I've had the fermented shark in Iceland, at this really kitchy viking restaurant thing, a real tourist trap I think, but our local guides had pointed us in that direction.

Sounds like I need to try the lamb steak and lobster soup next time I go. And I'm definitely going to the Hamburgeseria (sp?) again. A friend described it as "startlingly good".


> My wife wanted to try it and we found a person at a deli attached to this big weird flea market that was SO HAPPY to give tourists a free sample.

This really takes me back! My wife and I went to exactly this place, for the express purpose of trying the hákarl. The guy was eager to give us both a taste as well. But we both said 'no thanks' once the smell hit us.


Where is this "weird flea market"? I've been to Iceland several times, one time for almost a whole month and have no idea what this is referring to.

Edit: Is this that indoor flea market by the water near the customs building and that overrated hot dog place.


Yes it’s called Kolaportið.


Apparently, not as many locals eat the shark anymore, now that they have more options. Maybe it has improved since, but when I tried it there, the produce was very bland. We even drove to Hveragerdi to check out the greenhouses. I'll vouch for lamb and skyr, the local yogurt.


I fully agree with your comment about whale tasting like crying, I have a profound regret over eating it....but...not sure why...as I eat pretty much ever other animal.

The lobster in iceland was amazing though.

We did a summer week long roundtrip around it, it was amazing and would love to go back.


It's powered by hydro power mostly, not geothermal.

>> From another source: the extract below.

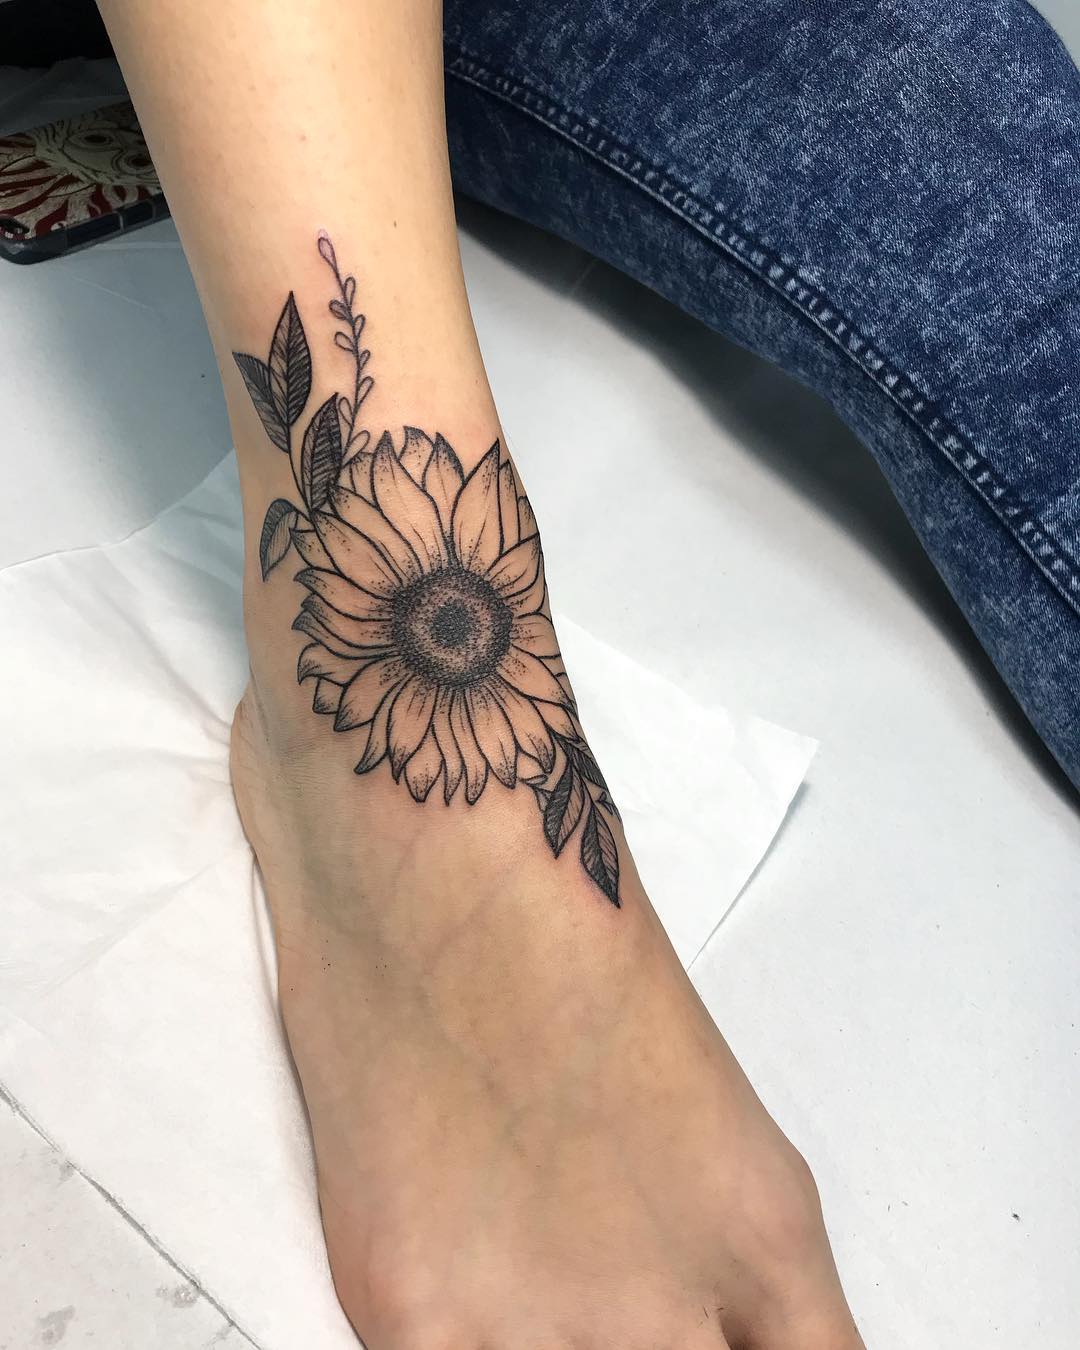 Dashing Sunflower Tattoo On Foot

A common misconception.


Electricity is mostly hydro. But most greenhouses over here are heated directly with geothermal hot water, not electricity.


It's over 7 hours from Seattle, unless you mean on supersonic aircraft?


I thought the whale was great, but I skipped the hákarl.


human tastes fine. it just tastes like gamy pork.


Are you speaking of experience, or just repeating what you read/heard? Because I keep running into that meme, but for all we know it might just be utter BS that’s been so much repeated, and is so hard to invalidate, that people take it as common knowledge.


experience

it cost me 2.5 grand usd and was legal in the jurisdiction, and i believe it ethical

besides that, i won't say


Were you worried about prion-based complications?


I was pretty sure that cooking would mostly get rid of prions, but apparently Kuru was transmitted even by cooked meat: https://en.wikipedia.org/wiki/Kuru_(disease)

On the other hand, most humans aren't cannibals and would only suffer from transmissible prion diseases by chance mutations.


no brain matter, to my knowledge. not a senile death either


Where?


Not the parent but I know for certain that pig flesh is routinely used as a replacement for human flesh when testing out stuff. Not sure how the physical similarities translate into similarities in taste though.


I do know that in eyewitness accounts of the firebombings of Tokyo during WWII, the smell had been described as roasted pork. Plus human meat is called long pork, so draw your own conclusions.